## The data
◇ ◇ ◇ ◇ ◇

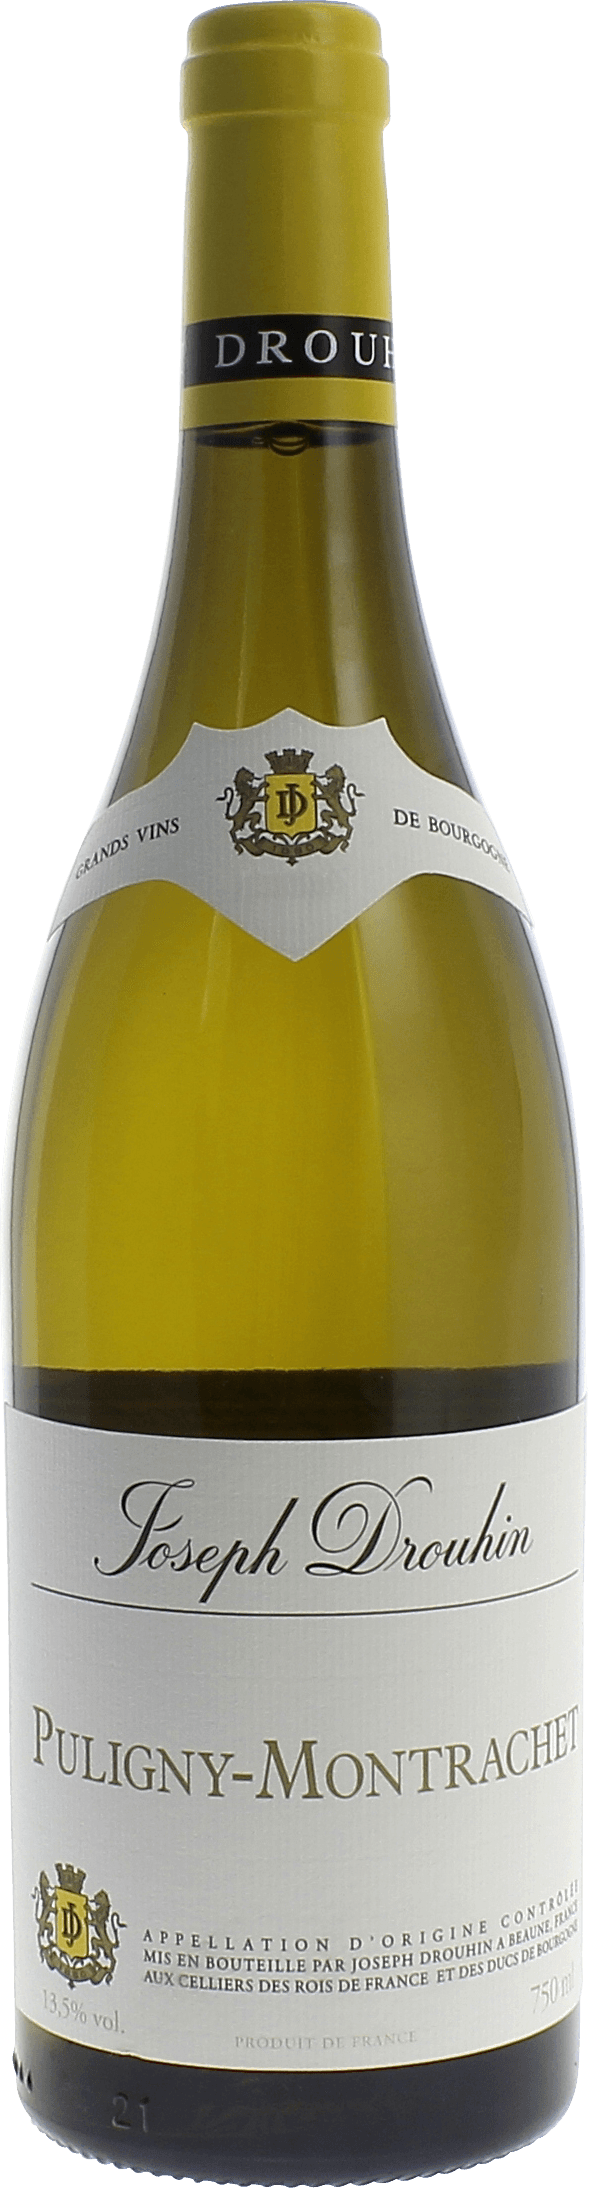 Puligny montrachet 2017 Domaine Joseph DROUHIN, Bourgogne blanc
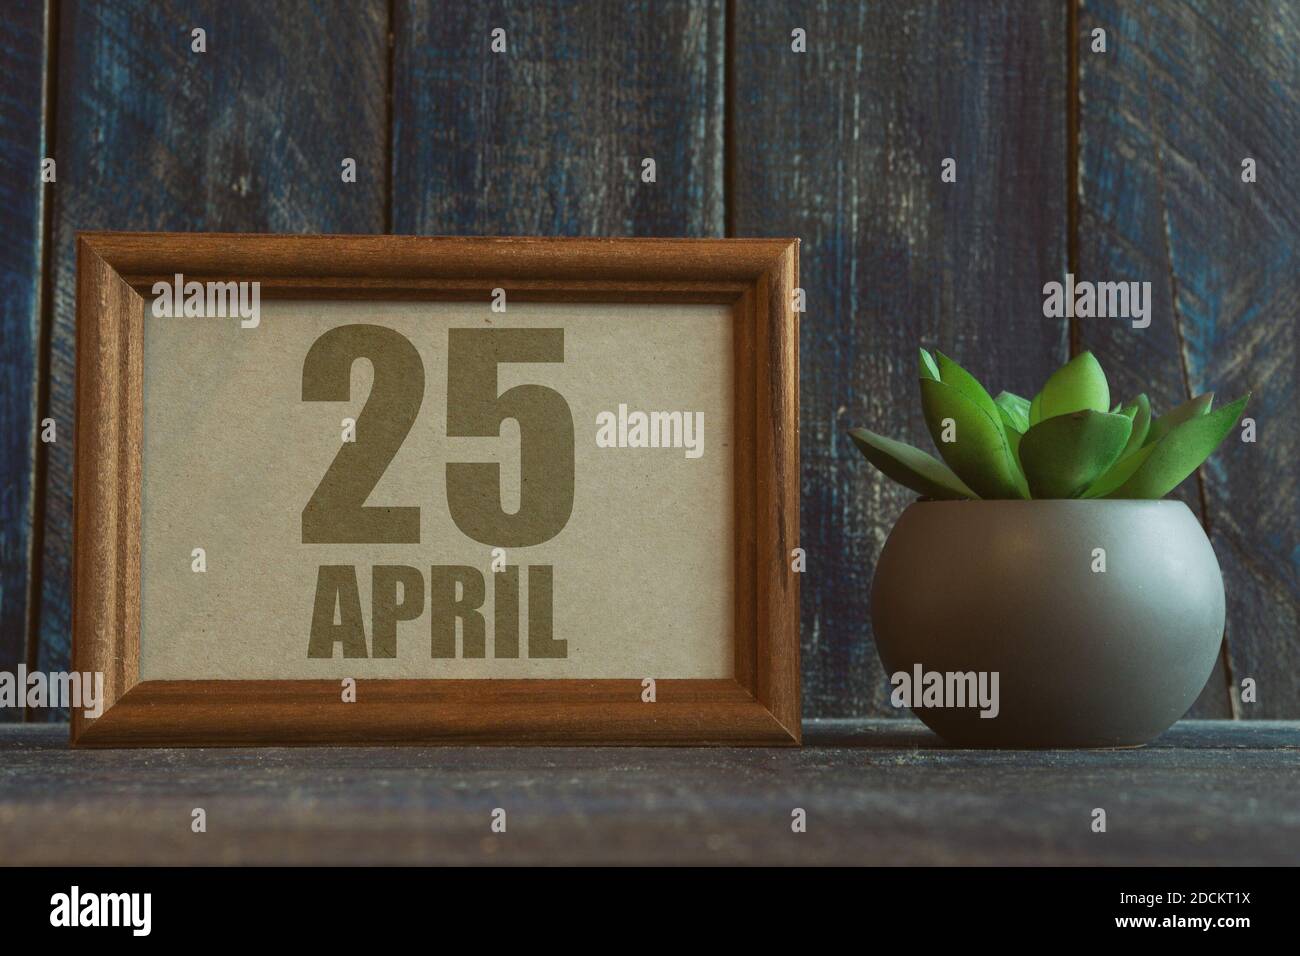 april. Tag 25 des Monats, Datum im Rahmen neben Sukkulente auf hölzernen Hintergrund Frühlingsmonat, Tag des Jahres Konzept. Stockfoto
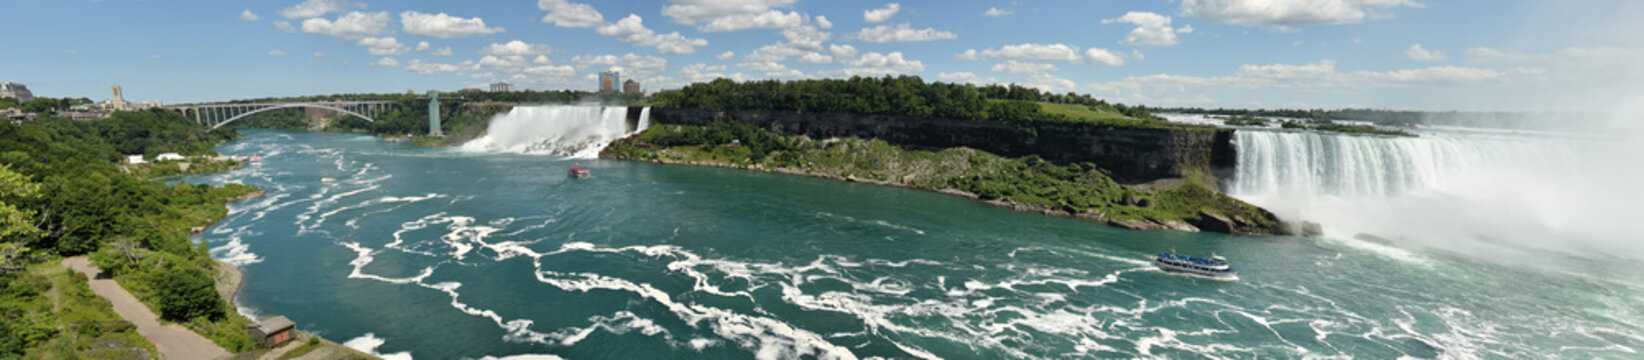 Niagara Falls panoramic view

◇ ◇ ◇ ◇ ◇

Line by line, return the listing above exactly, dropping every picture.

 Puligny montrachet 2017 Domaine Joseph DROUHIN, Bourgogne blanc
 april. Tag 25 des Monats, Datum im Rahmen neben Sukkulente auf hölzernen Hintergrund Frühlingsmonat, Tag des Jahres Konzept. Stockfoto
 Niagara Falls panoramic view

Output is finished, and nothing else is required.